The company proposes to undertake a private placement of its Series G CCCPS which may comprise a fresh issue of shares. This necessitates an increase in the company's existing share capital. The existing and proposed authorized share capital structures are detailed, along with the types and quantities of shares.

Explanatory Statement - Item No. 2:

The company seeks to issue 14,37,41,379 Series G CCCPS to InCred for an aggregate consideration of up to INR 4,16,85,00,000, based on an issue price of INR 29 per share. The offer is on a private placement basis.

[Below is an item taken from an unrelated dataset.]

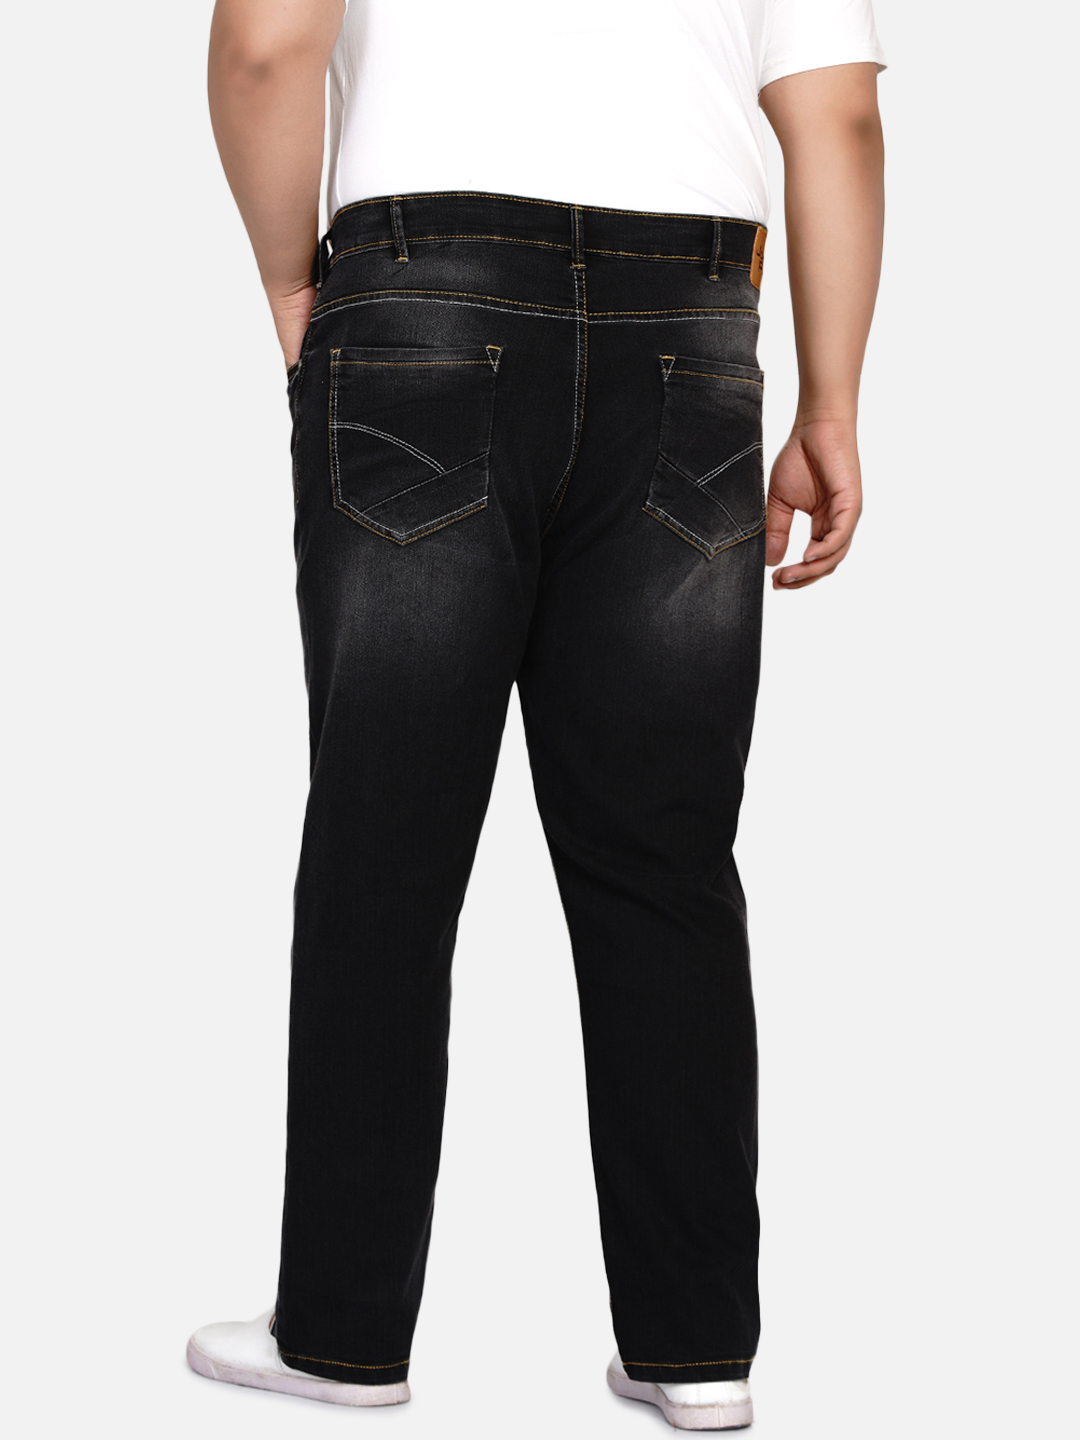 bottomwear/jeans/EJPJ2027/ejpj2027-5.jpg

The object of the issuance of Series GCCCPS is for general corporate purposes and other business-related activities, including supporting the continued growth of the Company, supporting the Company's global expansion (including acquisitions) and enhanced business plan.The Board approved the issuance on May 12, 2024. Key terms of the Series G CCCPS, relevant dates, manner of issue, class of allottees (Body Corporate), price (INR 29 per Series G CCCPS), and the basis for the price (valuation report from Samarth Valuation Advisory LLP) are provided. The company intends to raise up to INR 4,16,85,00,000.

The expected dilution in equity share capital upon conversion of preference shares will be about 2.11% on Fully Diluted Basis (FDB) but the dilution is subject to adjustments per the terms of issuance. The name of the allottee is InCred Wealth and Investment Services Private Limited with a post-allotment holding of ~2.11 (FDB). Samarth Valuation Advisory LLP performed the valuation. There will be no change in control of the Company that would occur as a result of the private placement.

Memorandum of Association (Annexure A)

Outlines the objectives of Oravel Stays Limited. It includes the main objects such as operating, managing, and marketing accommodations, providing travel marketing services, organizing tours, and ancillary objects such as acquiring properties, manufacturing food and beverages, entering partnerships, and obtaining patents. The authorized share capital is INR 13,41,13,59,300/- divided into various classes of shares.